As the pressure increases on state agencies and public authorities to find sources of additional revenue, more and more of these sites are becoming available for development. In some cases, the developers themselves initiate the conversations, which ultimately lead to the state’s disposition of a parcel of surplus land.
Although these private development projects on public land have many of the same characteristics as more traditional private development of privately-owned land, there are nonetheless significant distinctions that the developer needs to identify and incorporate into its approach to the project.
Do It Their Way
Developers can progress to a successful building opening if they understand the constraints under which state agencies and public authorities operate, the varied constituencies who weigh in on the size and composition of the project, and the goals of the agency or authority with which they are dealing.
By contrast, those who insist on forcing the state agencies or public authorities to do things their way, or constantly threaten to go over the heads of their negotiating counterparts, will find themselves enmeshed in long and difficult negotiations, which may cause them to miss a market cycle.
Negotiation Tips
To help prevent that dismal result, below are seven tips for private developers in negotiating the development of public land:
Use prior deal terms to help you. Always get copies of the final signed documents from recent comparable deals negotiated by the agency or authority at issue (under the Massachusetts Public Records Law or the federal Freedom of Information Act, if applicable). This “data mining” is critical to establish the parameters of what an agency or authority has done in the past, how they handled specific issues, and what they can and cannot agree to.
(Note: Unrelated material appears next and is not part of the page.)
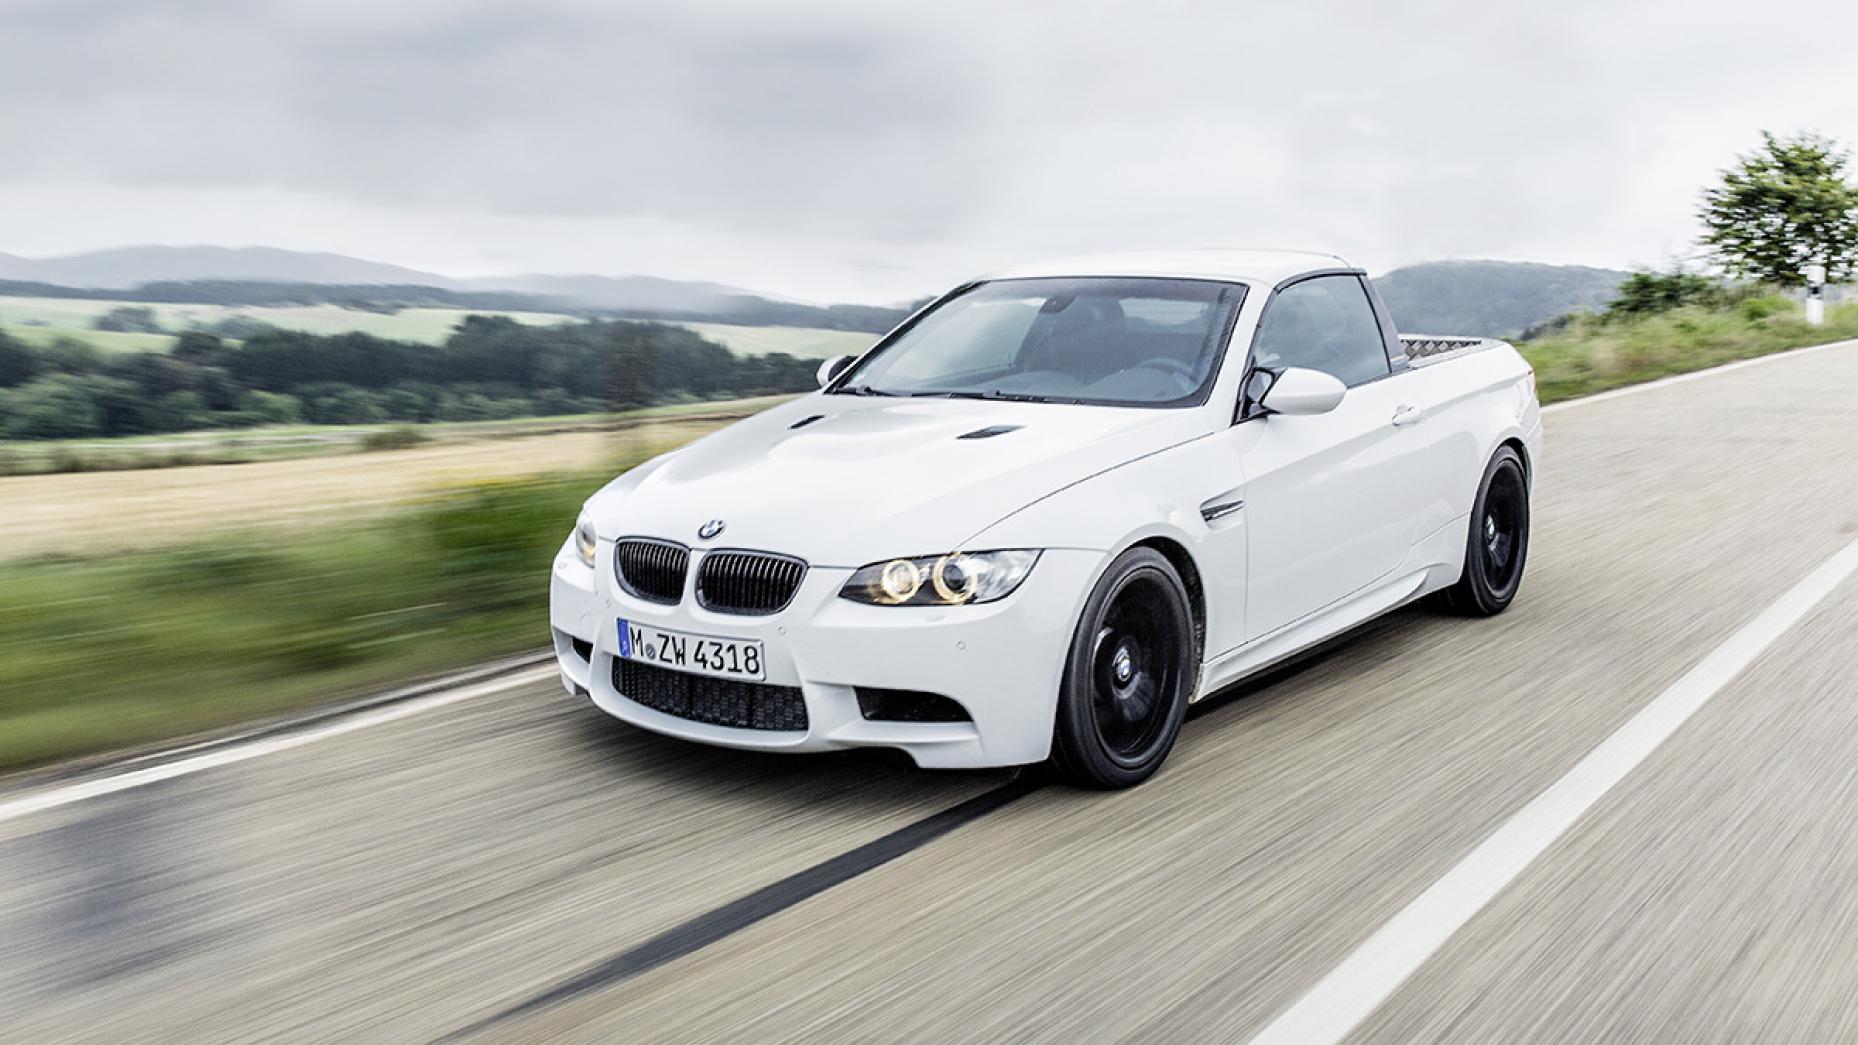 BMW làm bán tải là có thật, thậm chí còn là M3 với tốc độ tối đa 240km/h - Ảnh 2.

In effect, this raises the “floor” from which your negotiations start.
Make it easy for the agency to get to “yes.” Generally, the fewer surprises you provide to the agency or authority, the better. Be proactive about identifying issues and alerting the agency or authority to them – sandbagging is never appreciated. If this is a transaction that was approved by its board up front, agency staff will have limited ability to vary the key terms from what was presented to and approved by their board, so don’t ask them to do it. If there are issues or factual questions that need to be researched during negotiations, volunteer to take the first cut at them since you have access to more resources than they do. In general, if you have information concerning the site (title or survey information, for example), share it with them early.
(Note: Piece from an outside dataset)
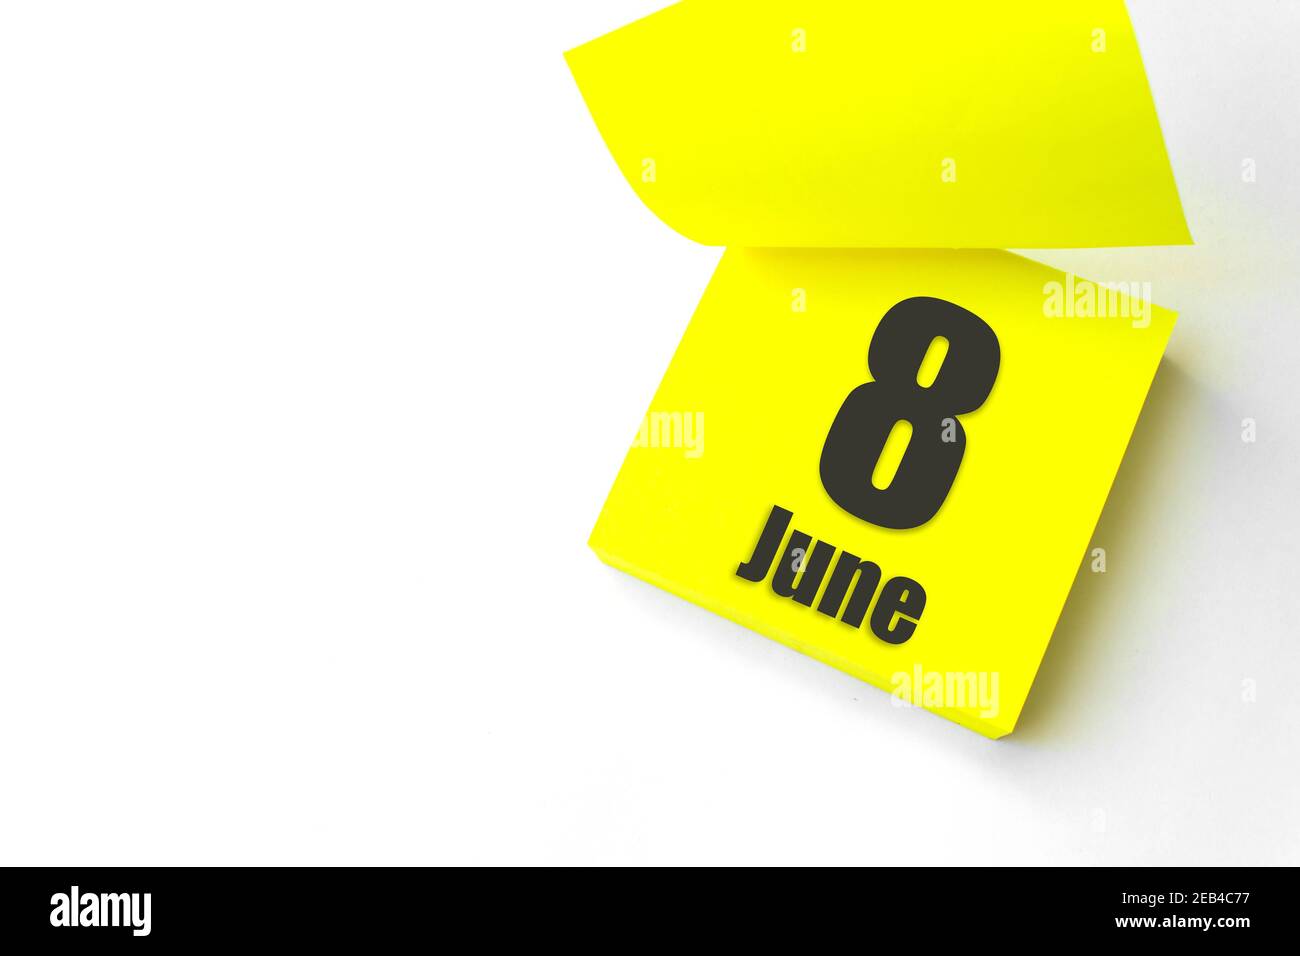 Juni 8th. Tag 8 des Monats, Kalenderdatum. Nahaufnahme leeres gelbes Papier Erinnerung Haftnotiz auf weißem Hintergrund. Sommer Monat, Tag des Jahres Konzept Stockfoto

How would it look in the media? Not surprisingly, agency personnel from top to bottom are very sensitive to the public perception of what they are doing. Don’t ask them to do something that does not meet that standard. They won’t do it and you’ll lose credibility. Instead, work with them to develop a position that will withstand that public scrutiny.
Escalate and use other channels, but only when necessary. Use all of the available multiple channels for discussions and negotiations (team meetings, lawyer-to-lawyer, business person-to-agency staffer, senior business person-to-senior agency personnel, and friendly political figures-to-agency heads). Select the appropriate forum or group depending on the issues you are looking to raise. Be judicious in deciding on what issues and how often to go over the head of your primary negotiating counterpart, since each time you do you lose some capital with them. Always make sure that the same message/request/demand is being conveyed across all of these lines of communication, or else you will be the one later getting whipsawed for making conflicting (and possibly impossibly inconsistent) demands.
Know your “enemy.” Have some understanding of how these deals differ from private development deals. Specifically, have some familiarity with the agency’s or authority’s Enabling Act and how it treats issues like the need for competitive public disposition processes, the tax status of projects built on their land, and whether local zoning, or building codes, or state law apply. Keep in mind that public agencies frequently require private developers to pay the agency’s attorneys, appraisers, engineering consultants, and advisors (often without a cap), in addition to the developer paying its own expenses.
Take a breath. Accept the fact that the pace of these deals generally is much slower than comparable private deals. For one thing, real estate development is not the core mission of most public agencies. Issues that arise and need the attention of other parts of the agency (e.g., environmental experts, engineering experts) will compete with the core mission for the attention of these people.
Don’t risk it all. Remember that the agency or authority always has the alternative of just saying “no” and doing nothing with the property – and they will rarely be criticized for doing that. Yes, they all need the revenue, but since development is not generally their core mission, one more or one less development project won’t make much of a difference to them.
Now, armed with these tips, go out and get something built.